• _WORK REQUEST_:
Starting with the line that holds "refuge for women human trafficking image" and stopping after the line that holds "Folia TopFlex pantone Process Black C", repeat the lines below word for word, without the pictures.

• _MATERIAL PROVIDED_:
[Start of section]

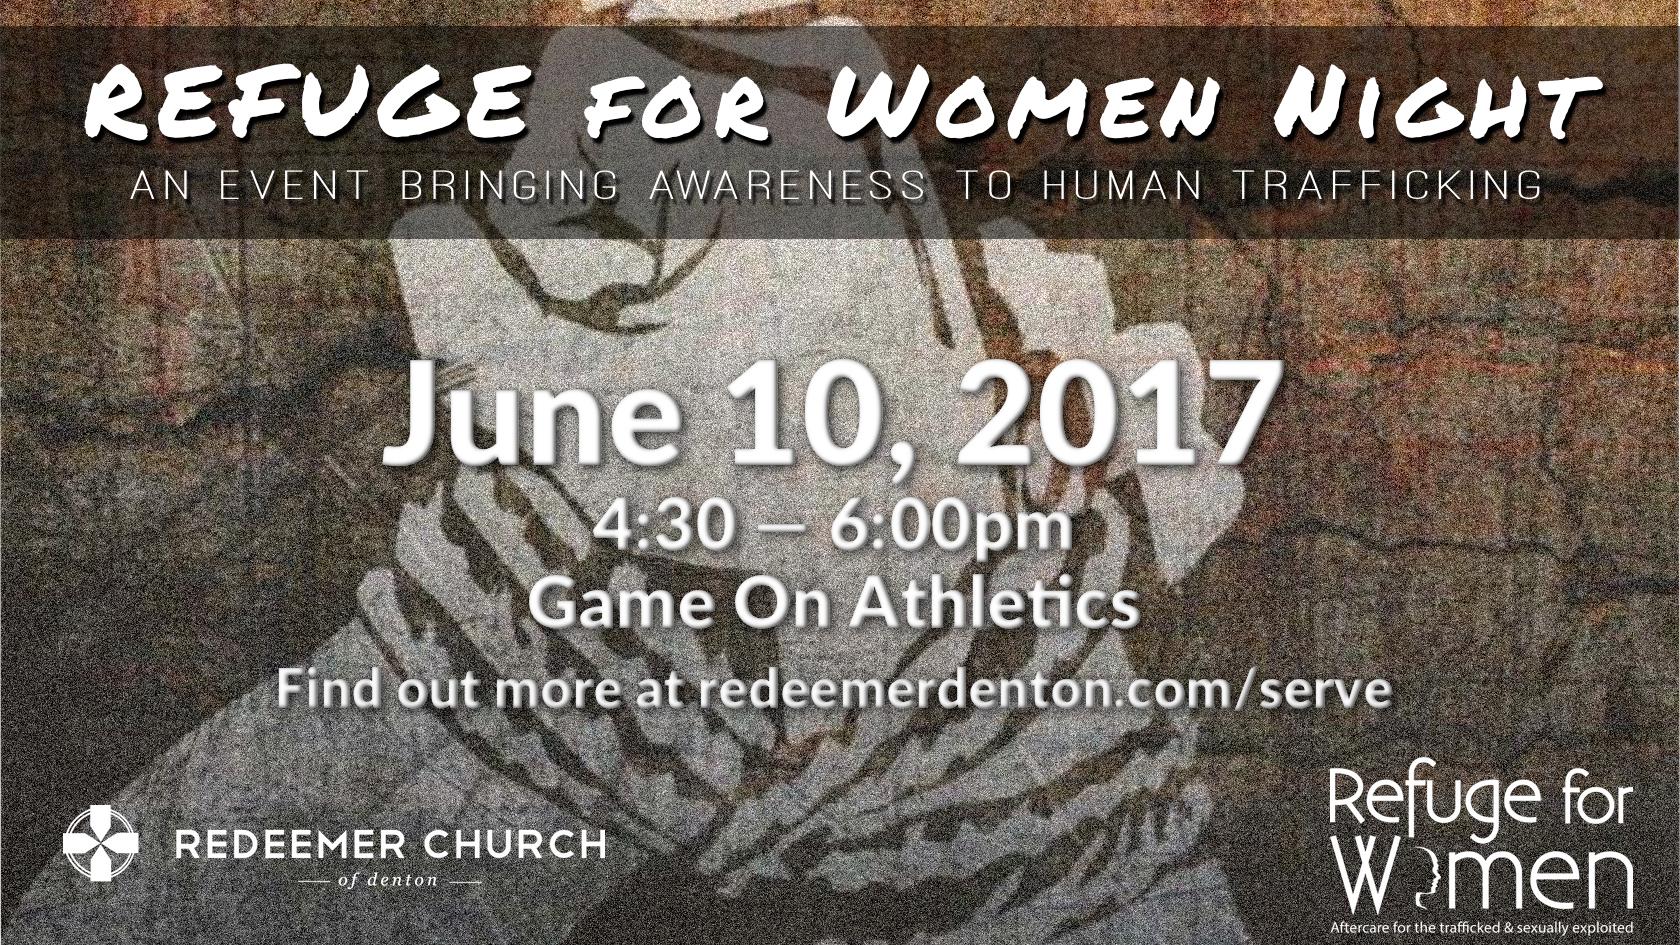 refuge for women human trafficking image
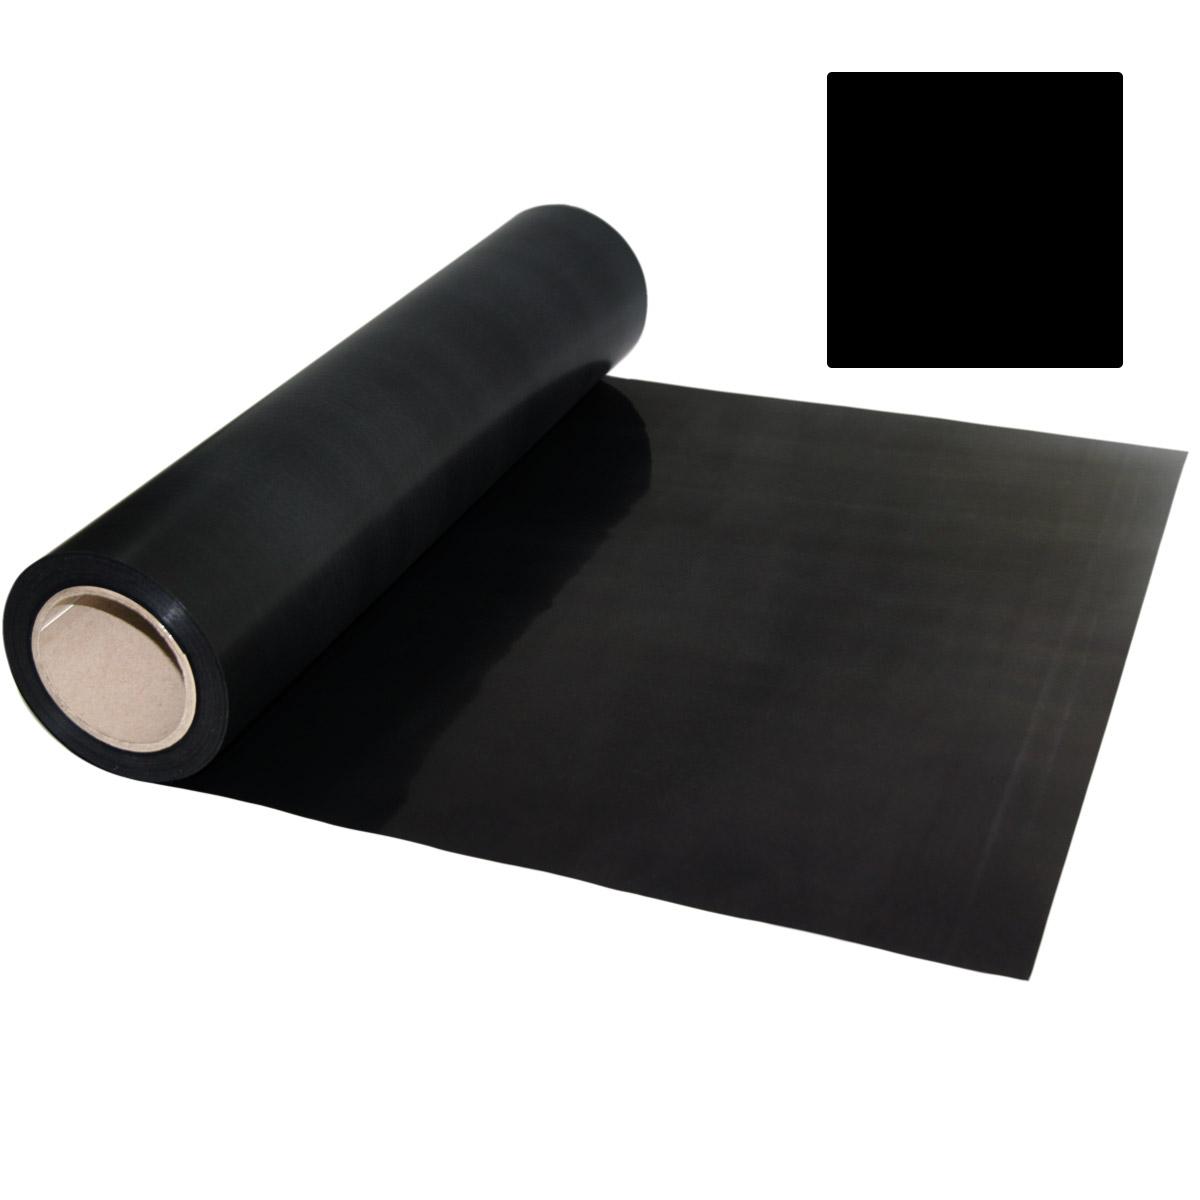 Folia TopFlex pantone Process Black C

[End of section]
[Start of section]

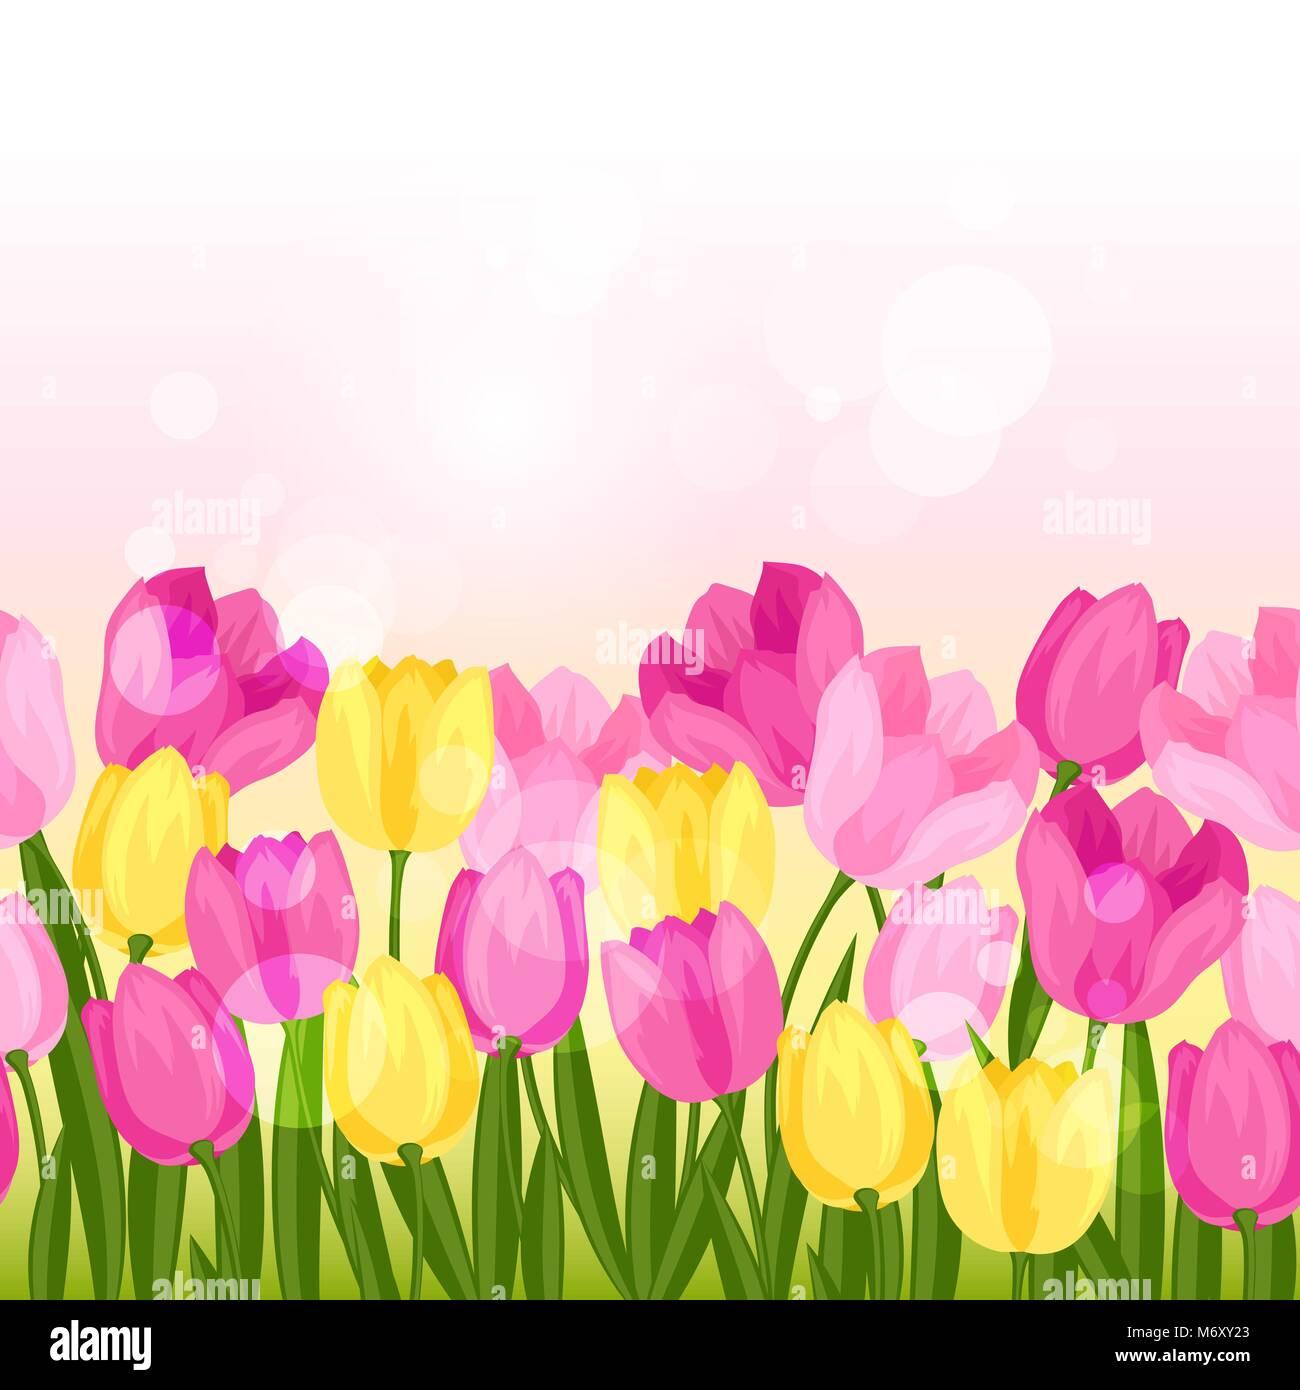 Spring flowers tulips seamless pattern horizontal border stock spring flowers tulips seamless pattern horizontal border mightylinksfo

[End of section]

• _SOLUTION TO THE EXERCISE_:
 refuge for women human trafficking image
 Folia TopFlex pantone Process Black C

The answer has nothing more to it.